• _SUPPLIED DATA_
BEGIN
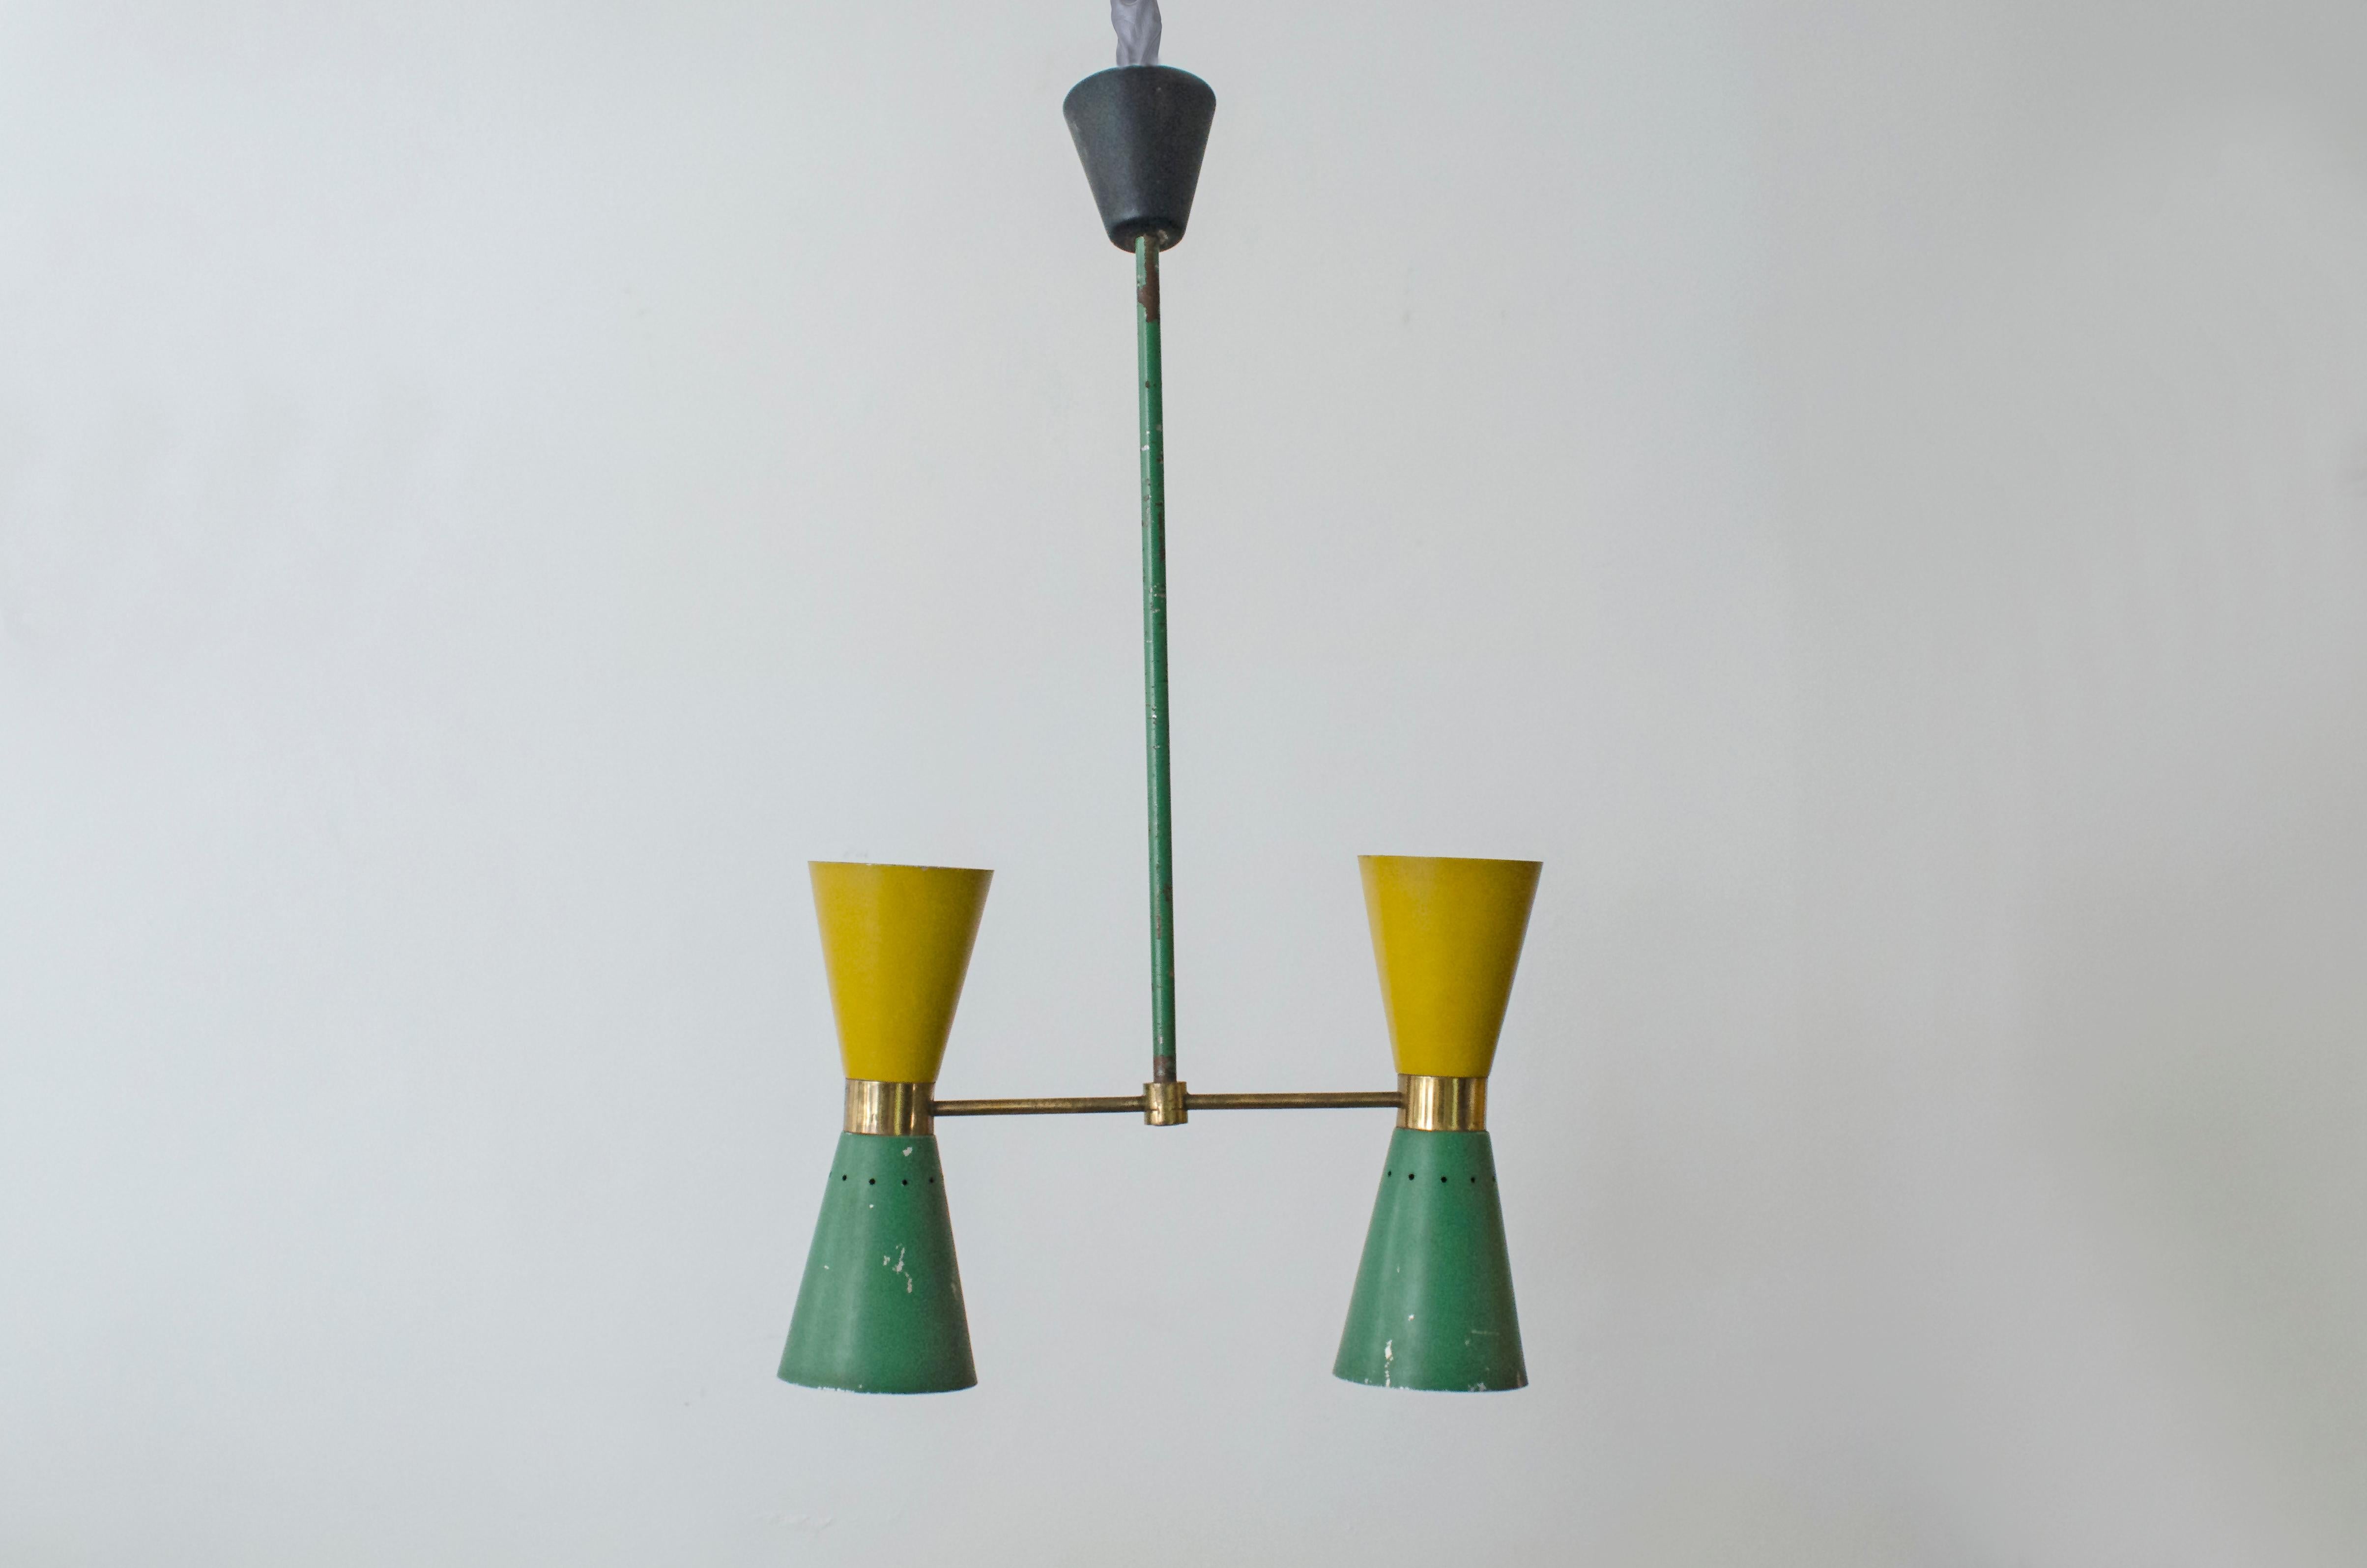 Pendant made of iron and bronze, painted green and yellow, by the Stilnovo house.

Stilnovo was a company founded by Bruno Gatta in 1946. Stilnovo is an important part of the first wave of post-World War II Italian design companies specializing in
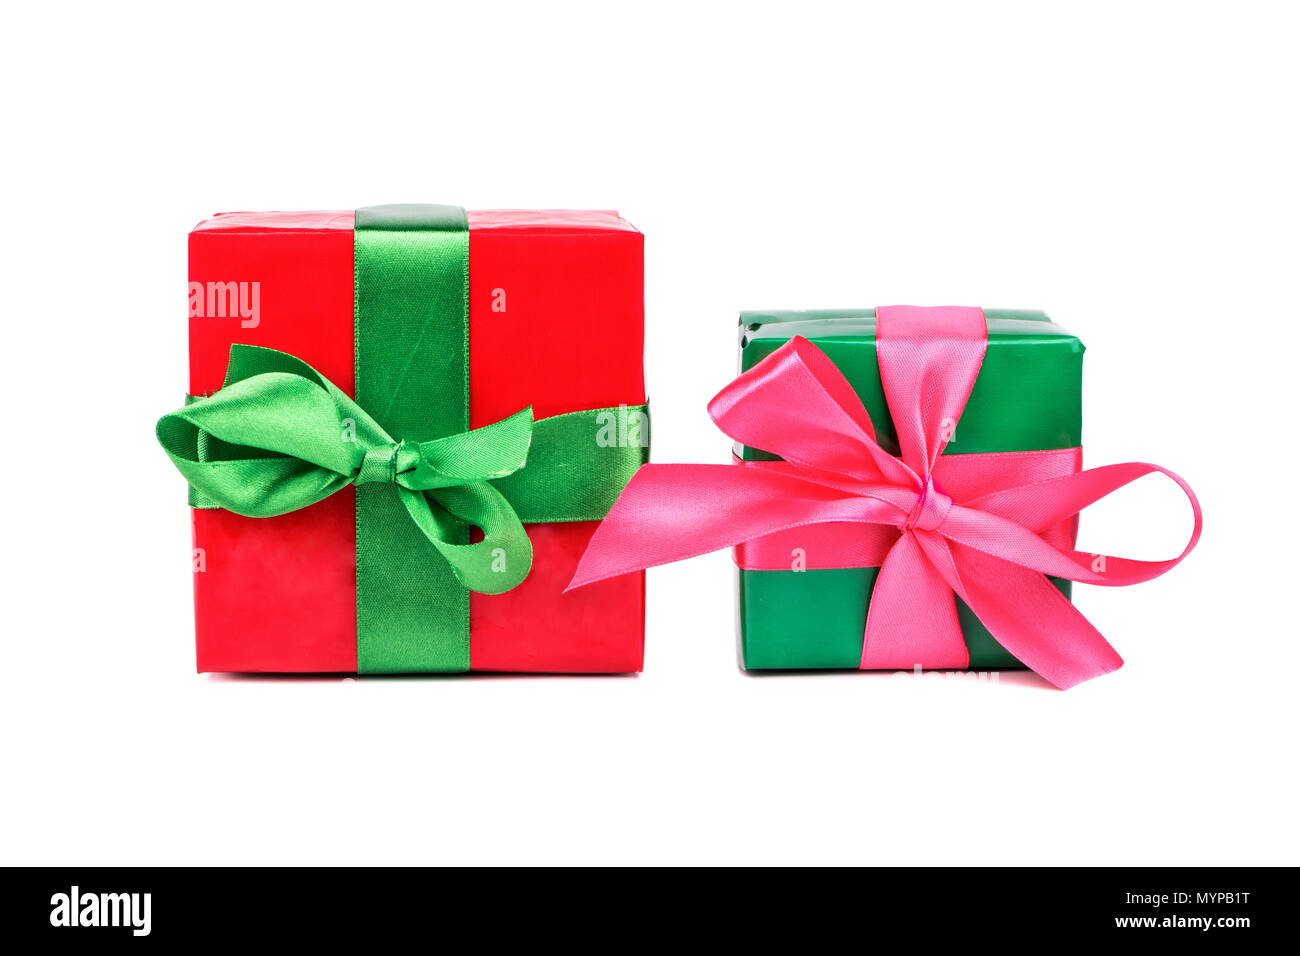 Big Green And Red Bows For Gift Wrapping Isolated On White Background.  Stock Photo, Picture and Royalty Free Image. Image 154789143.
END
All lines of the material above should be returned unchanged, but no pictures should be included.

 Pendant made of iron and bronze, painted green and yellow, by the Stilnovo house.

Stilnovo was a company founded by Bruno Gatta in 1946. Stilnovo is an important part of the first wave of post-World War II Italian design companies specializing in
 Big Green And Red Bows For Gift Wrapping Isolated On White Background.  Stock Photo, Picture and Royalty Free Image. Image 154789143.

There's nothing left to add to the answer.